Problem to work on →
Repeat the listing below exactly from the line with "seafair yacht new year's" through its last line. Skip every picture.

Recorded information →
Segment Open
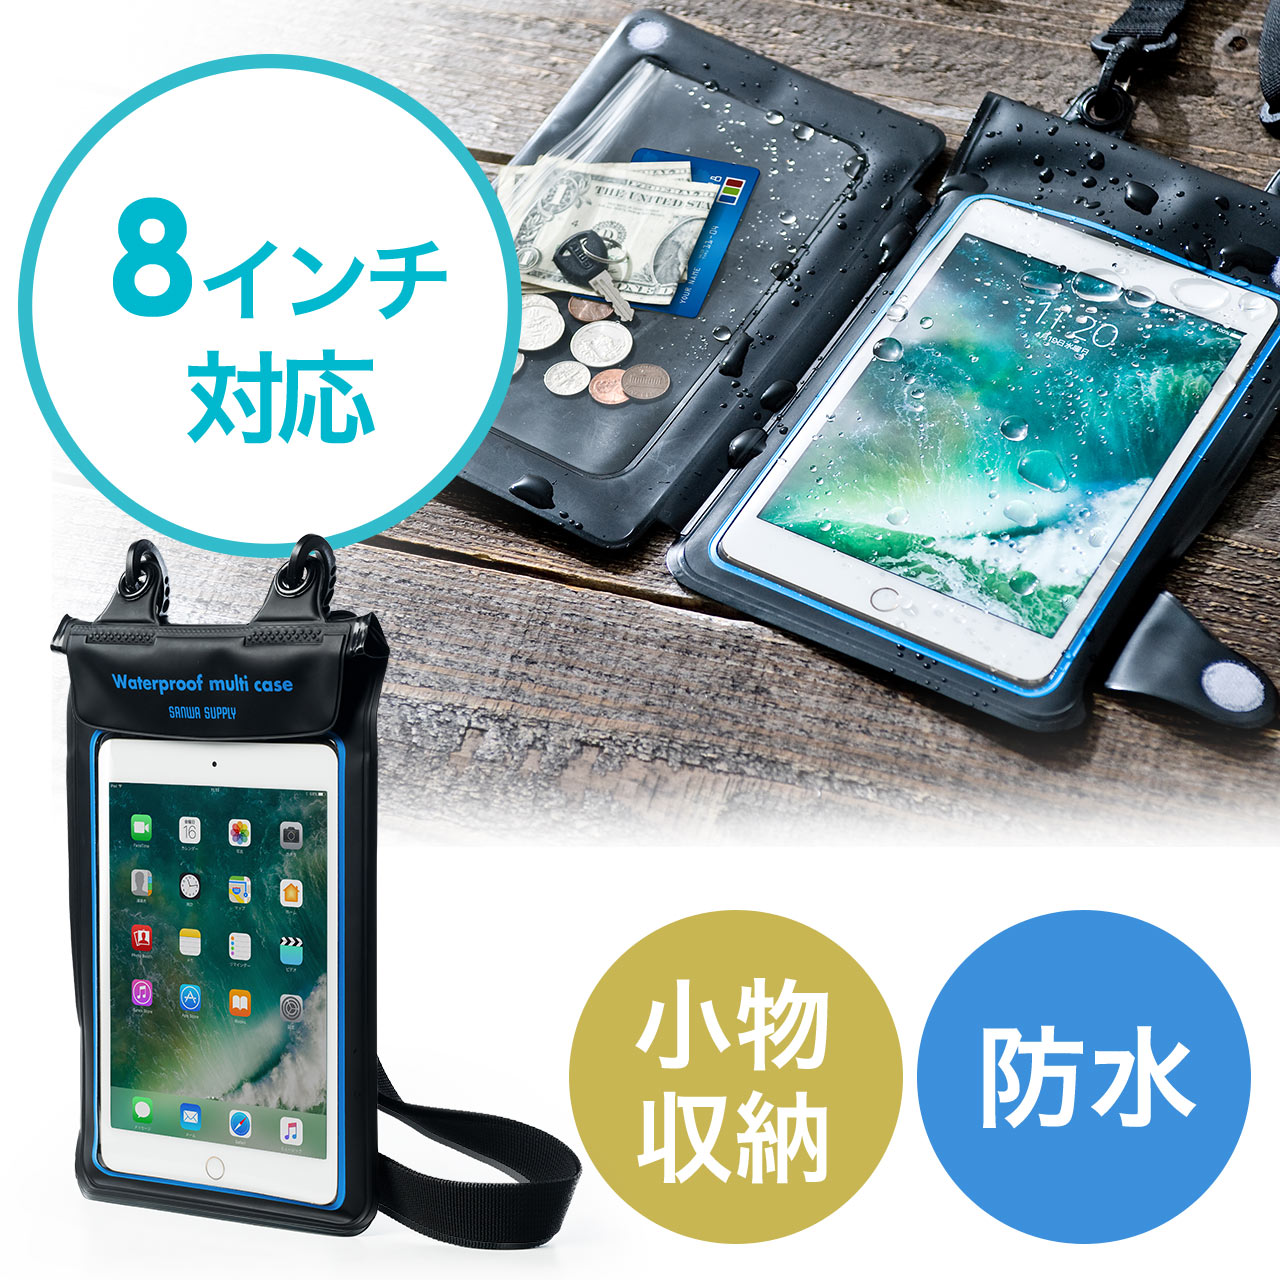 iPad・タブレット対応 小物ポケット付き防水ケース（8インチまで対応・ストラップ付属・防水ポーチ・小銭/カード収納対応・IPX7）  200-TABC008の販売商品 通販ならサンワダイレクト
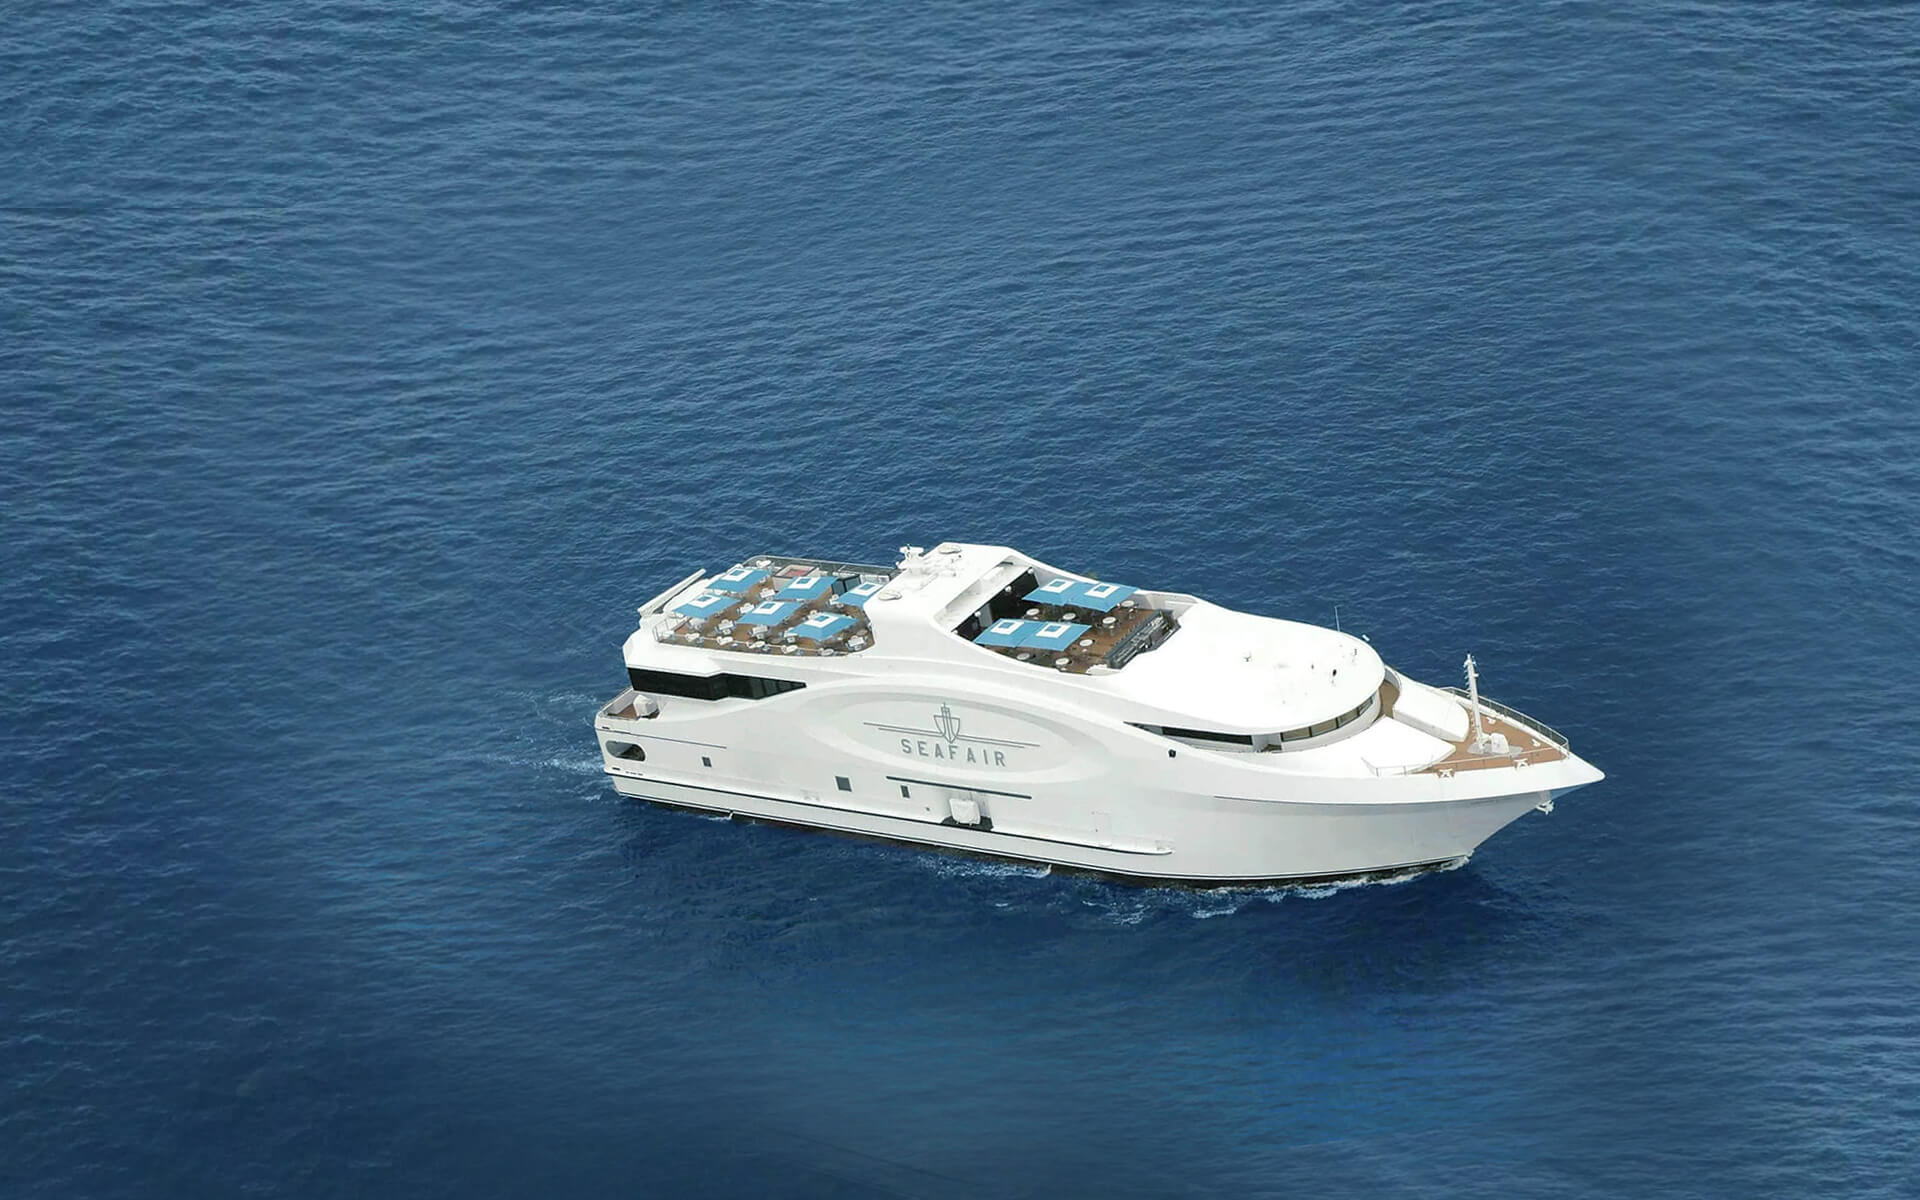 seafair yacht new year's
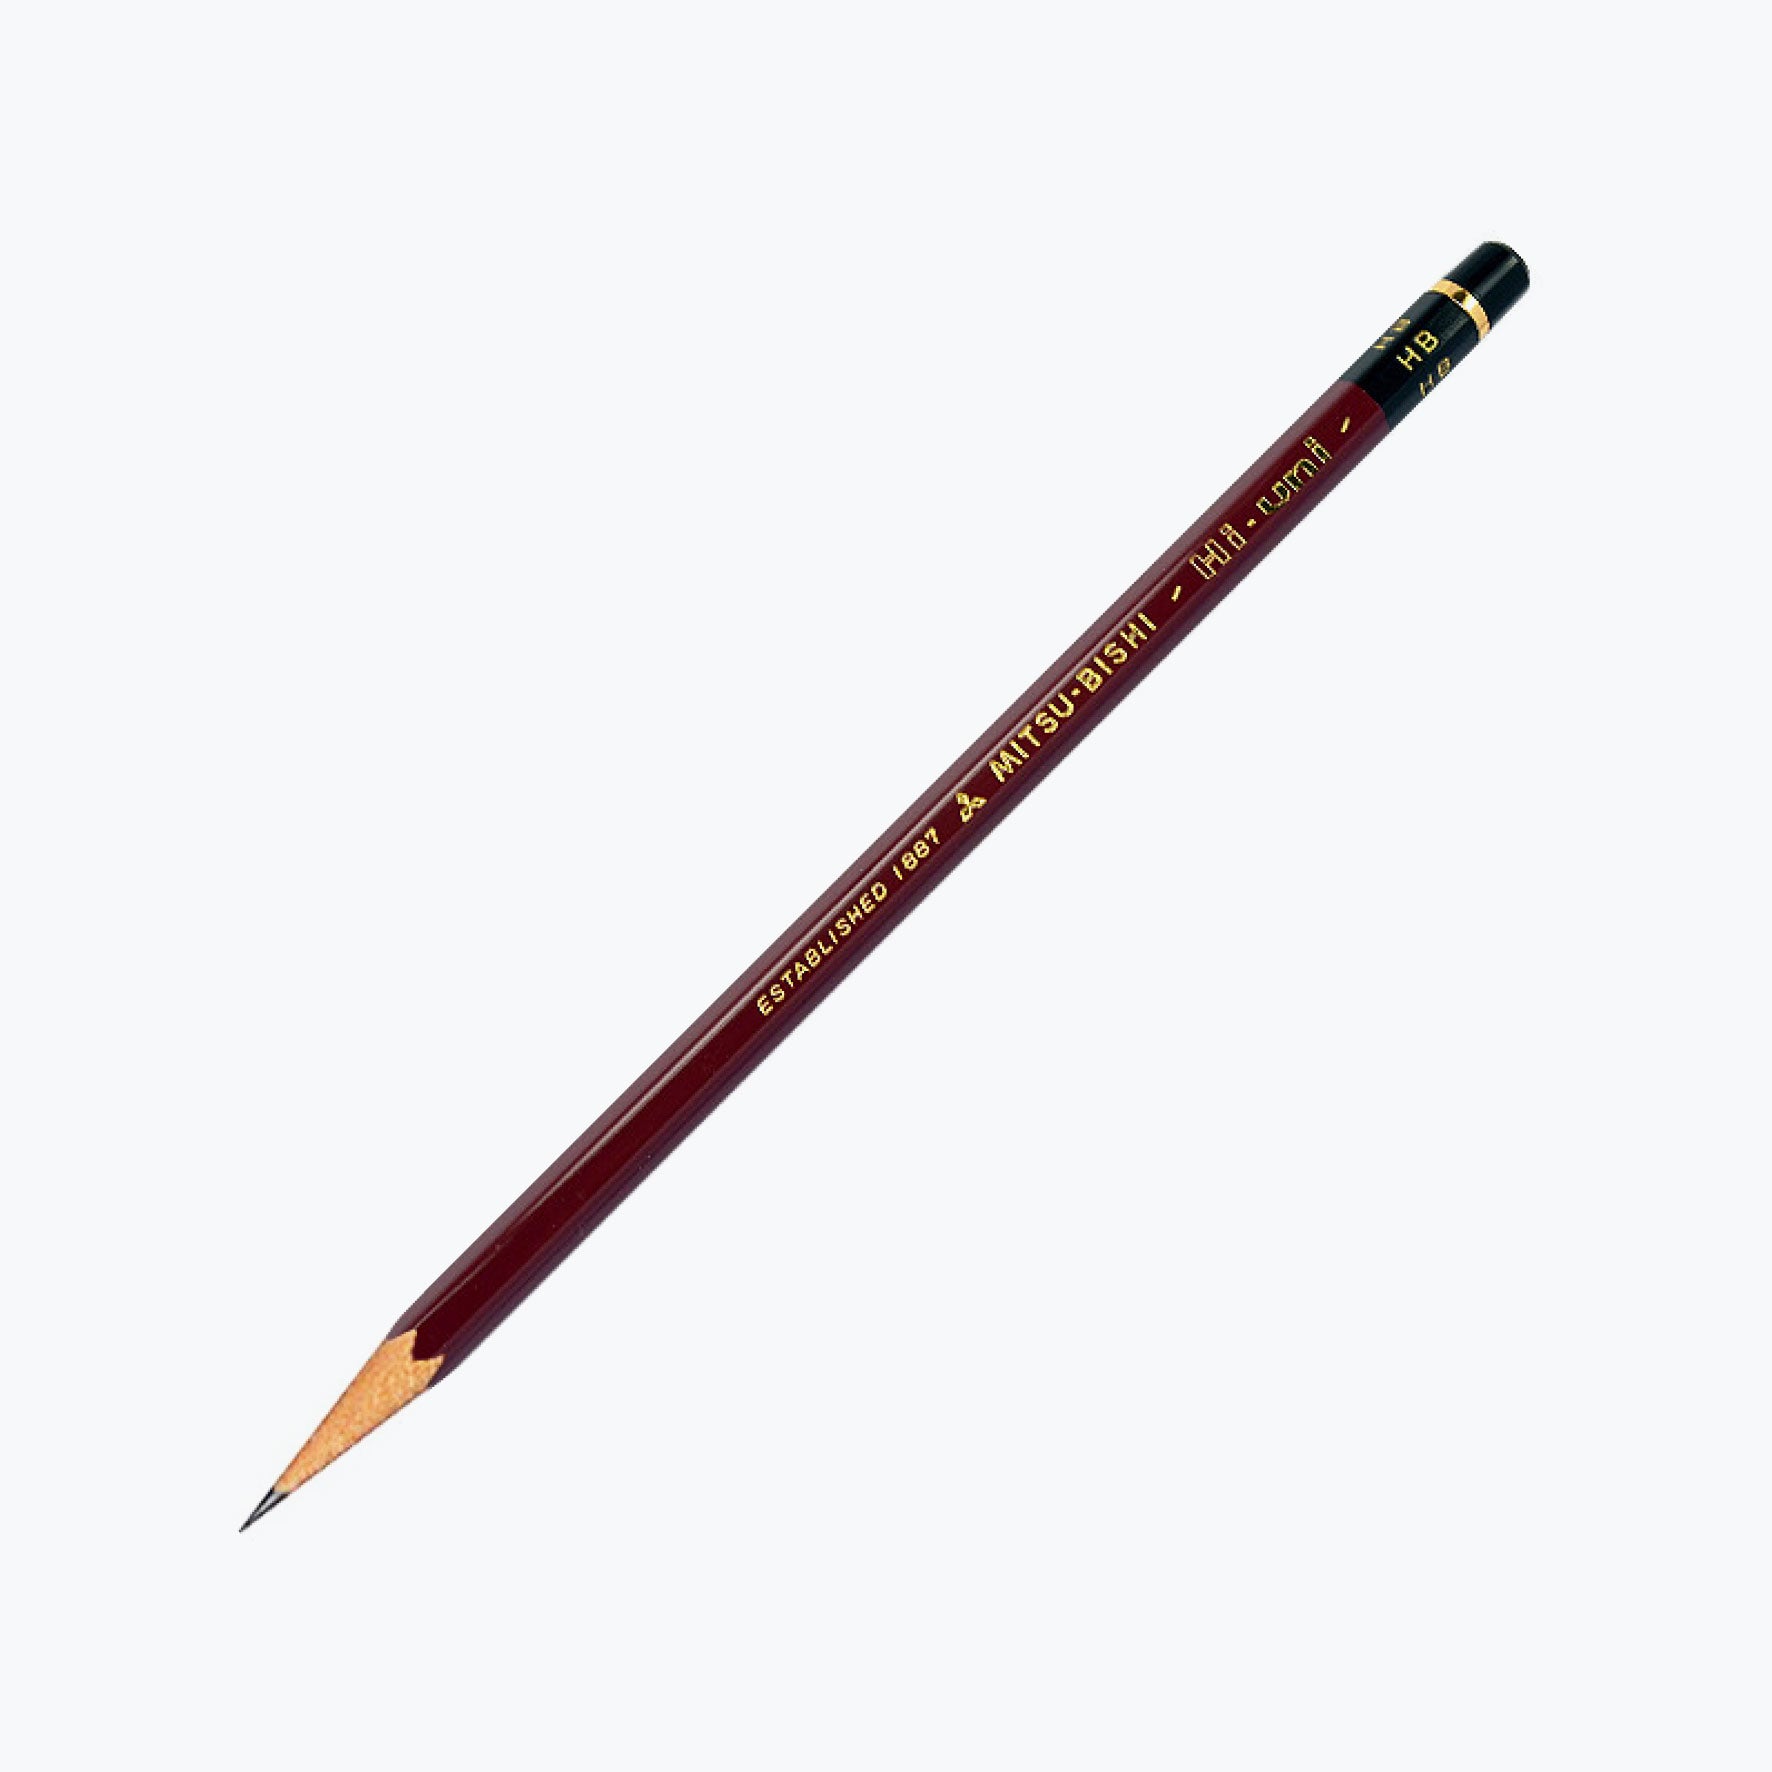 Mitsubishi - Pencil - Hi-Uni (Various Grades) - Pack of 2
Segment Closed
Task response →
 seafair yacht new year's
 Mitsubishi - Pencil - Hi-Uni (Various Grades) - Pack of 2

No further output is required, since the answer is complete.